KeLP decouples the learning from the prediction phase. Regarding PegasosLearningAlgorithm, the prediction function is common to other classification algorithms. Thus, it is possible to use the class BinaryLinearClassifier, which is already implemented in the platform. However, we need to add a new corresponding parameter, i.e., classifier. Thus, we need to add an empty constructor along with all the learning parameters associated with the corresponding getter and setter methods. These are required by the JSON serialization/deserialization mechanism. The learning parameters of Pegasos are the regularization coefficient lambda, the number of iterations T and the number of examples k exploited during each mini-batch iteration.

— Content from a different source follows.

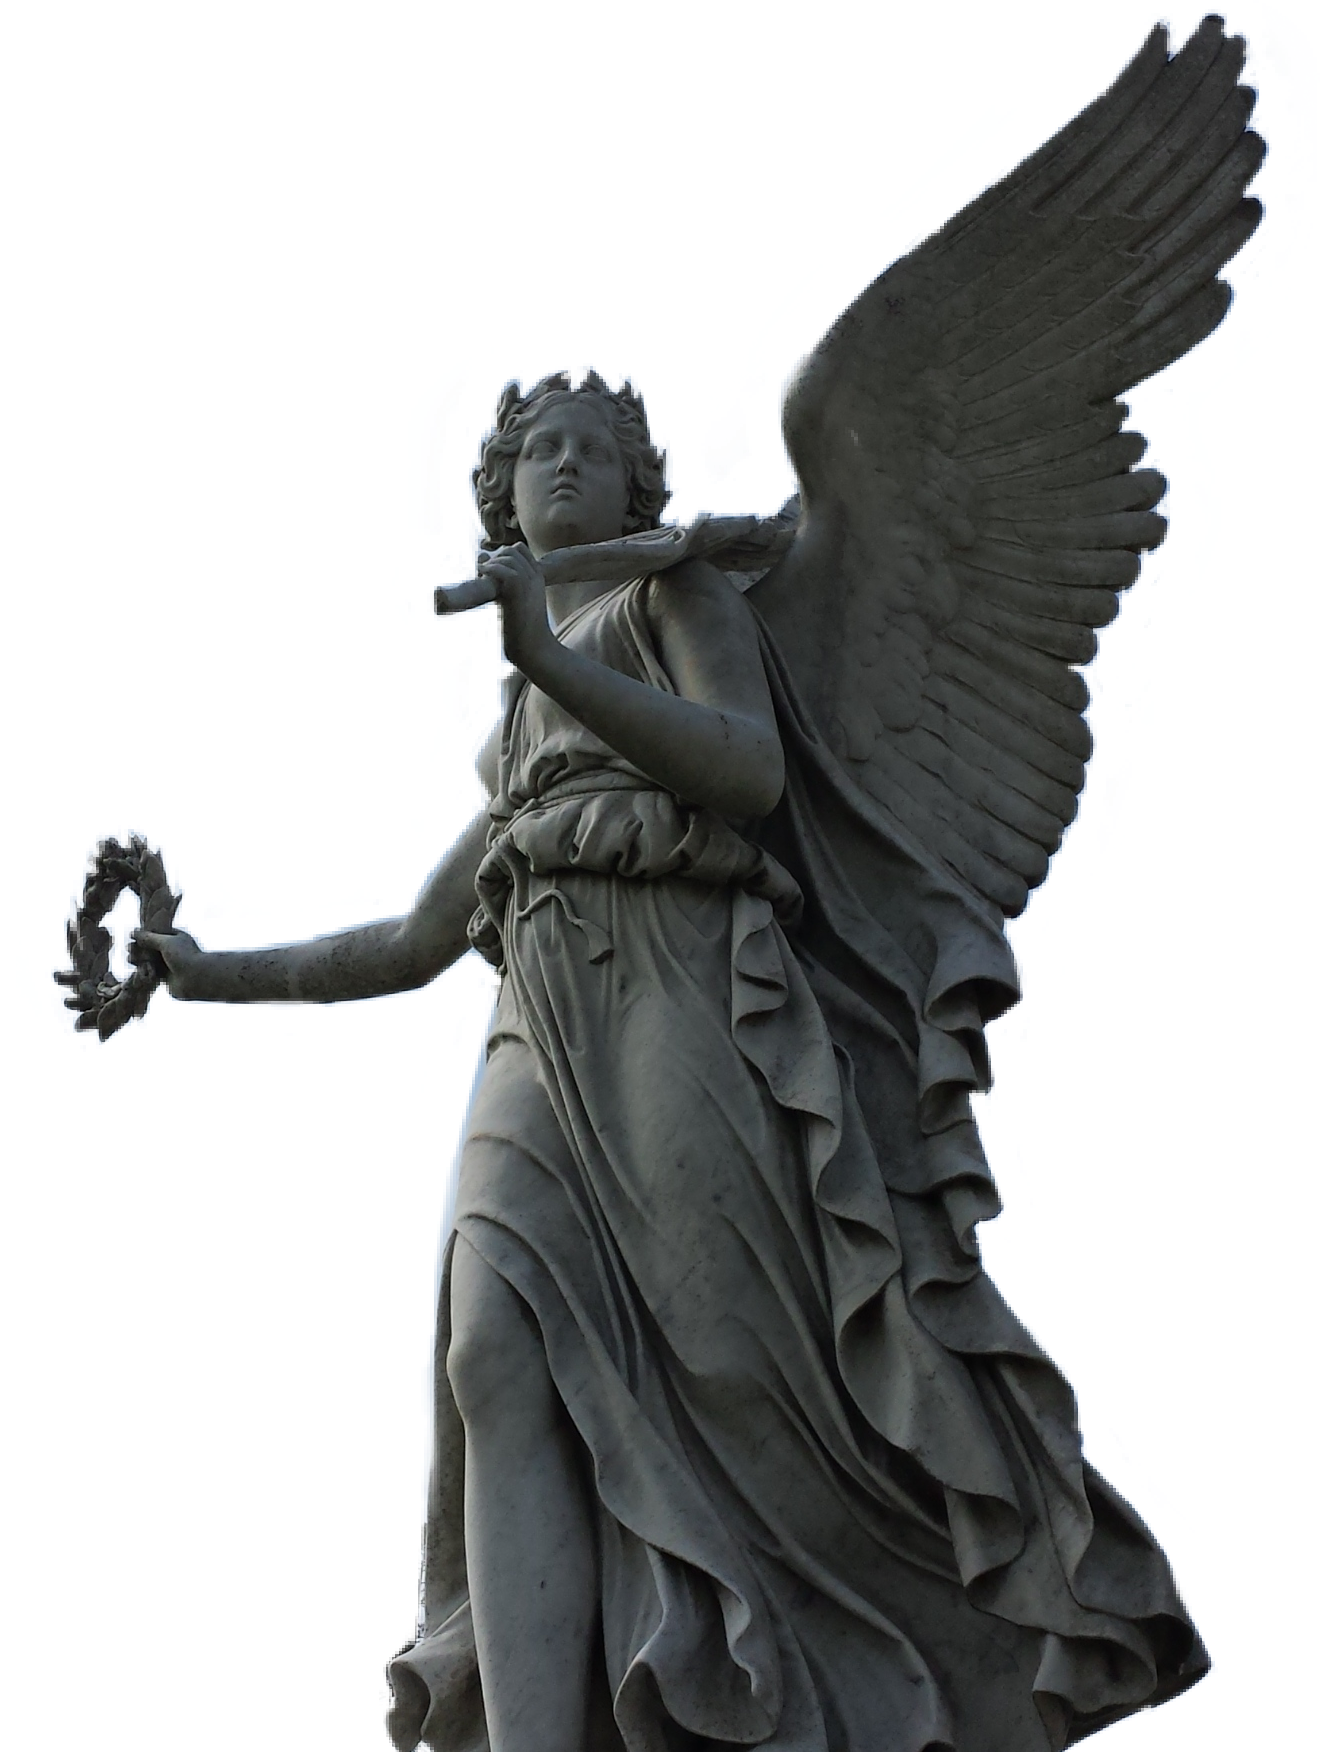 angel statue ireland freetoedit sticker by @kristenwatson

According to the selected interfaces some specific methods have to be implemented. As any LinearMethod we need to implement setRepresentation and getRepresentation which refer to the String identifier for the specific Representation object the algorithm must exploit. Obviously a corresponding parameter must created, i.e., representation

As any BinaryLearningAlgorithm we need to implement getLabel and setLabel which refer to the Label that must considered as positive class. Obviously a corresponding parameter must created, i.e. label. Moreover, to be compliant with the LearningAlgorithm interface, the methods getLabels and setLabels must be implemented. For the special case of BinaryLearningAlgorithm they must operate on a single entry List:

Finally, as any ClassificationLearningAlgorithm we need to implement:

  • getPredictionFunction: the proper prediction function must be returned, in this case the classifier object. It is a good practice to specialize the returning type, i.e., the method must return a BinaryLinearClassifier instead of a generic Classifier;
  • duplicate: the instance of an algorithm must be created and returned, copying all the learning parameters (the state variables must not be set to their default value). It is a good practice to specialize the returning type, i.e., the method must return a PegasosLearningAlgorithm instead of a generic LearningAlgorithm;
  • reset: it forces the algorithm to it default state, forgetting the learning process already conducted;
  • learn: this method must implement the learning process of Pegasos.


References

S. Shalev-Shwartz, Y. Singer, and N. Srebro. Pegasos: Primal estimated sub–gradient solver for SVM. In Proceedings of the International Conference on Machine Learning, 2007.